A major disadvantage of propofol administration is pain on injection. Pre-treatment with lidocaine, opioids, metoclopramide, ephedrine, magnesium sulphate, neostigmine, ketorolac and injection into a large vein have all been reported to reduce the incidence and severity of pain. In principle, the speed of injection might influence pain since a slow rate will prolong the contact time with the endothelium, but rapid injection allows the propofol to be cleared from the vein and replaced with blood. There are conflicting data about the influence of speed of injection on pain with one study  showing no difference and another showing slow injection increased pain . In the following randomized, double-blind placebocontrolled trial, we compared pain during fast administration of propofol to that during slow administration with and without lidocaine pre-treatment.

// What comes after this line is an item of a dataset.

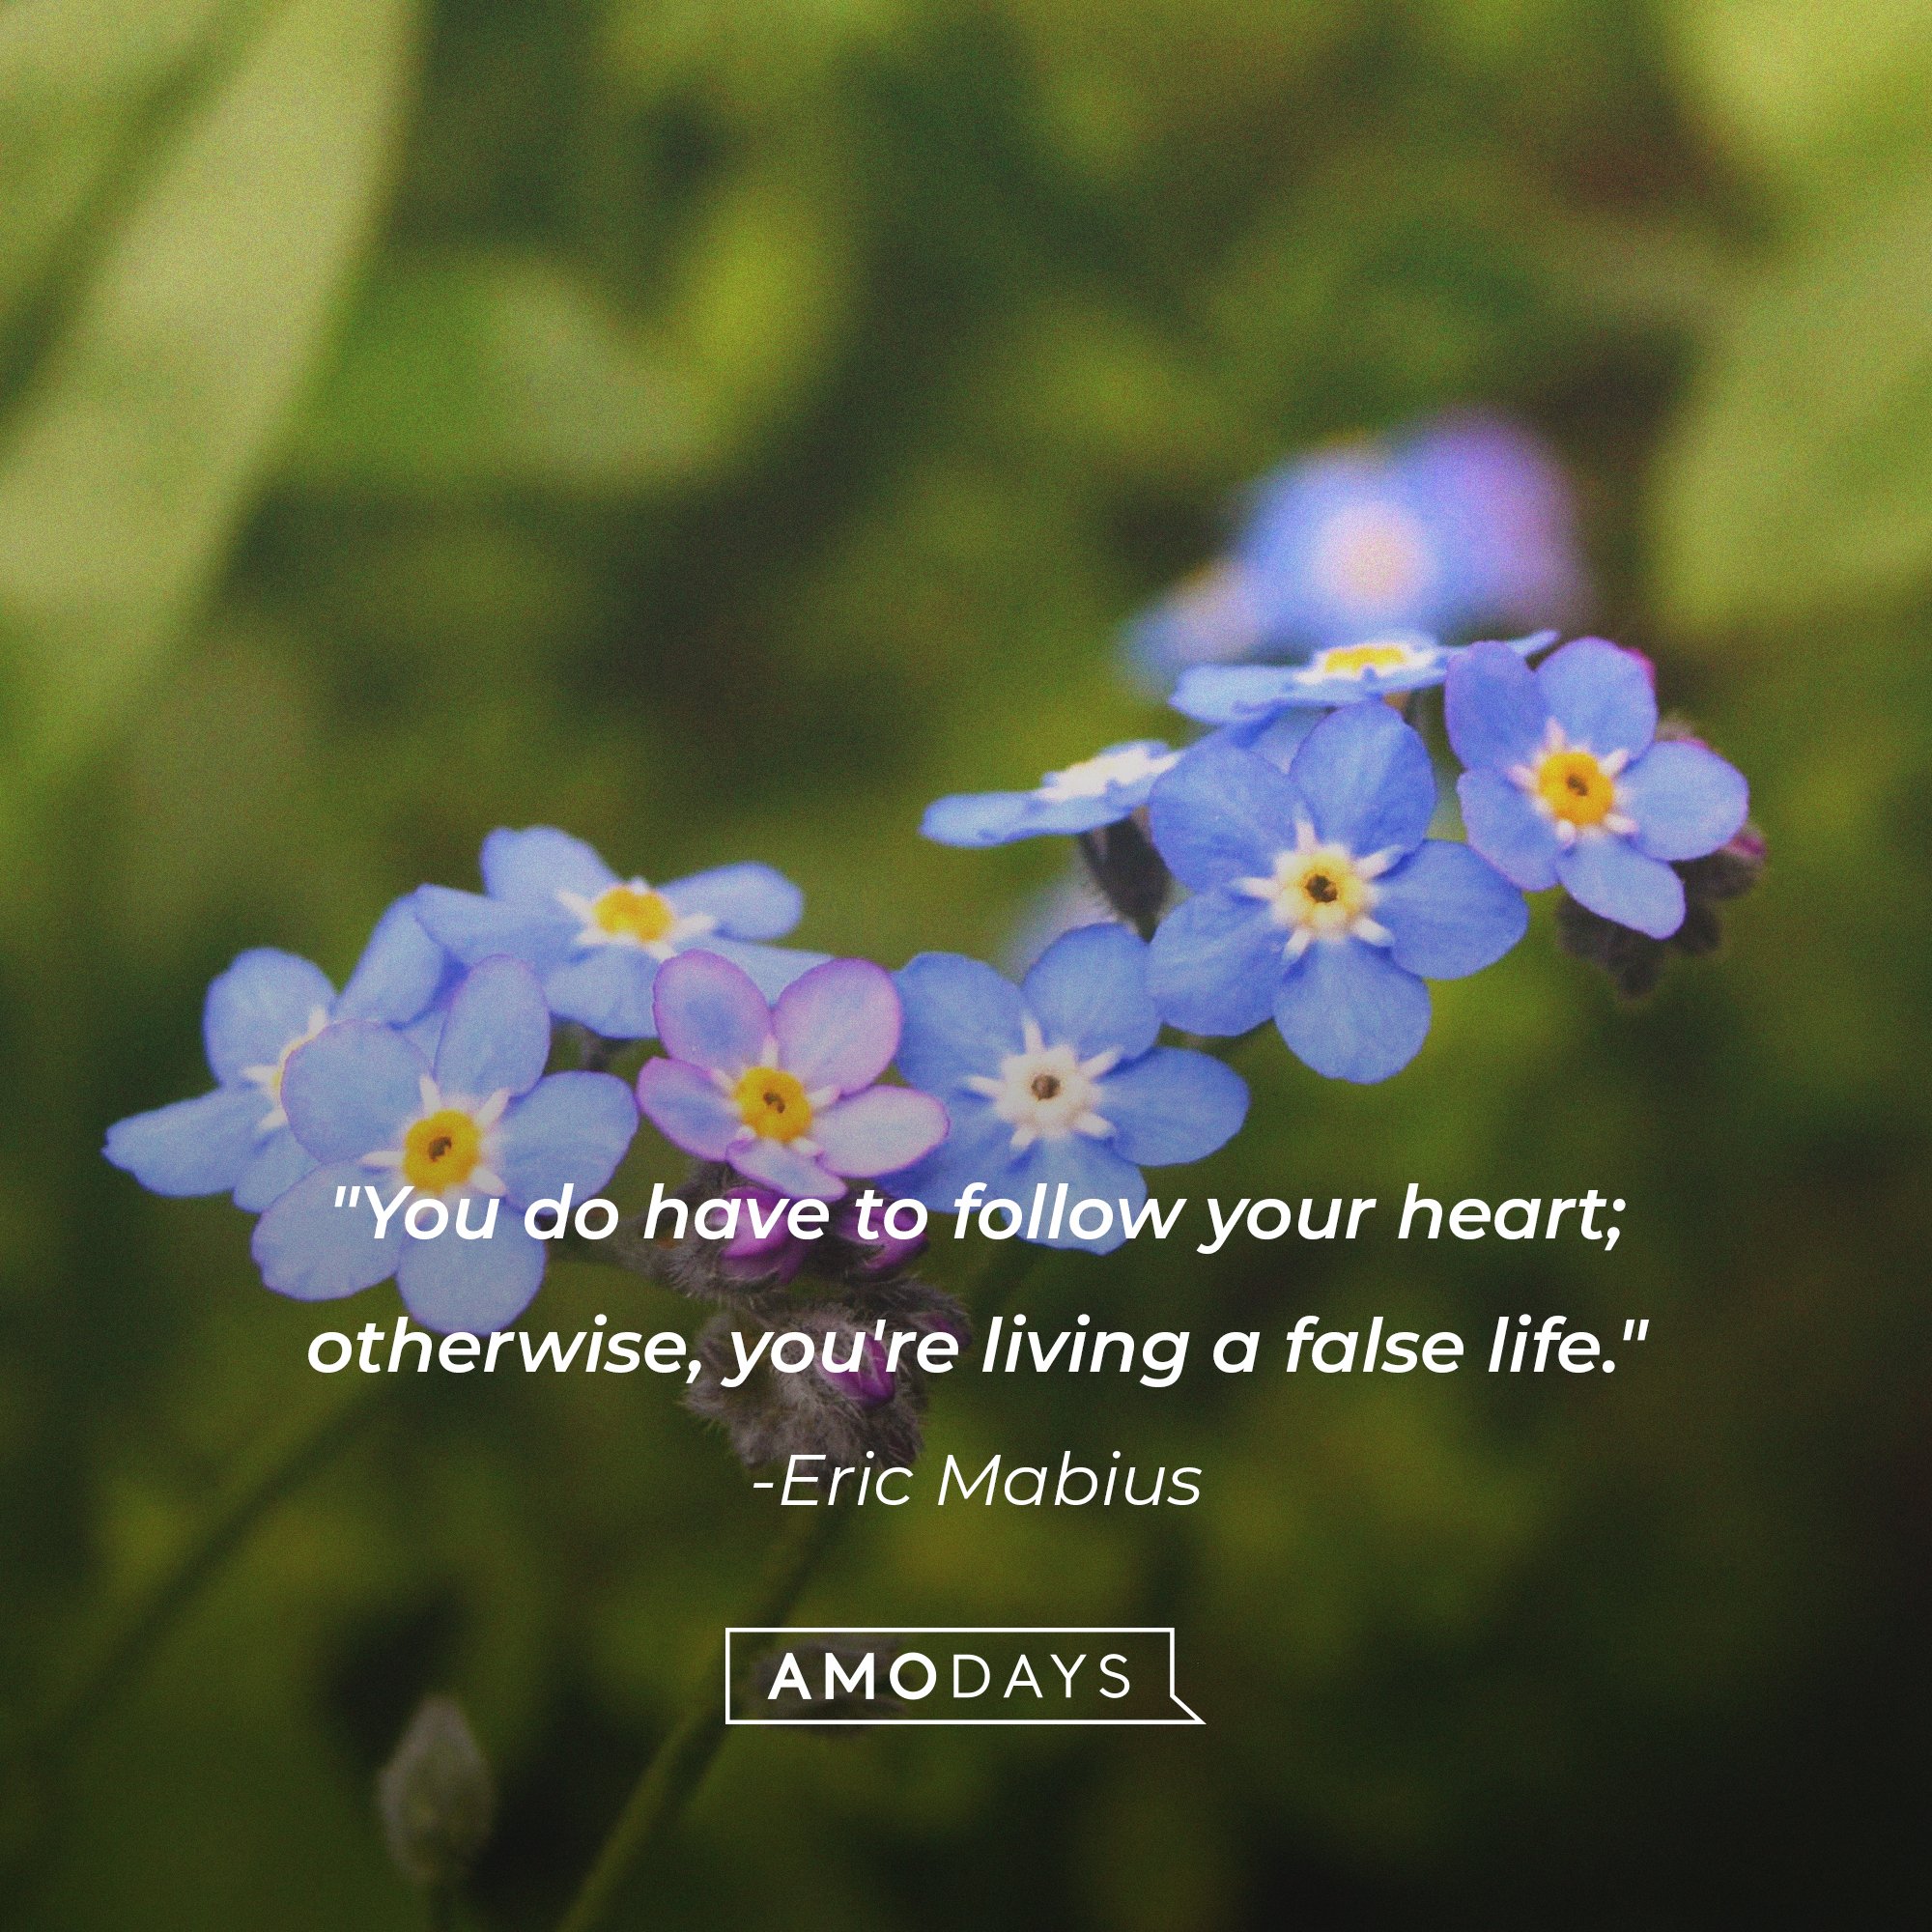 Eric Mabius’ quote: "You do have to follow your heart; otherwise, you're living a false life." | Image: AmoDays

We studied 120 unpremedicated females (ASA I-II, aged 18-70 yr) undergoing elective surgery. Ethics committee approval from the University of Tsukuba and written informed consent were obtained. Patients were excluded if they were allergic to propofol, had communication difficulties, a history of cardiovascular or neurological disease, a body mass index >30 kg m−2 or were unsuitable for intravenous (i.v.) induction.
Patients were randomized into four equal-sized groups and the treatment group determined by opening an opaque envelope. In Group A, patients were pre-treated with normal saline 5 mL and then given propofol 2 mg kg−1 at a rate of 3.3 mg s−1. In Group B, patients were pre-treated with preservative-free lidocaine 0.5 mg kg−1 adjusted to a volume of 5 mL and then given propofol 2 mg kg−1 at a rate of 3.3 mg s−1. In Group C, patients were pre-treated with preservative-free lidocaine 1.0 mg kg−1 adjusted to a volume of 5 mL and then given propofol 2 mg kg−1 at a rate of 3.3 mg s−1. In Group D, patients were pre-treated with normal saline 5 ml then given propofol 2 mg kg−1 at a rate of 50 mg s−1.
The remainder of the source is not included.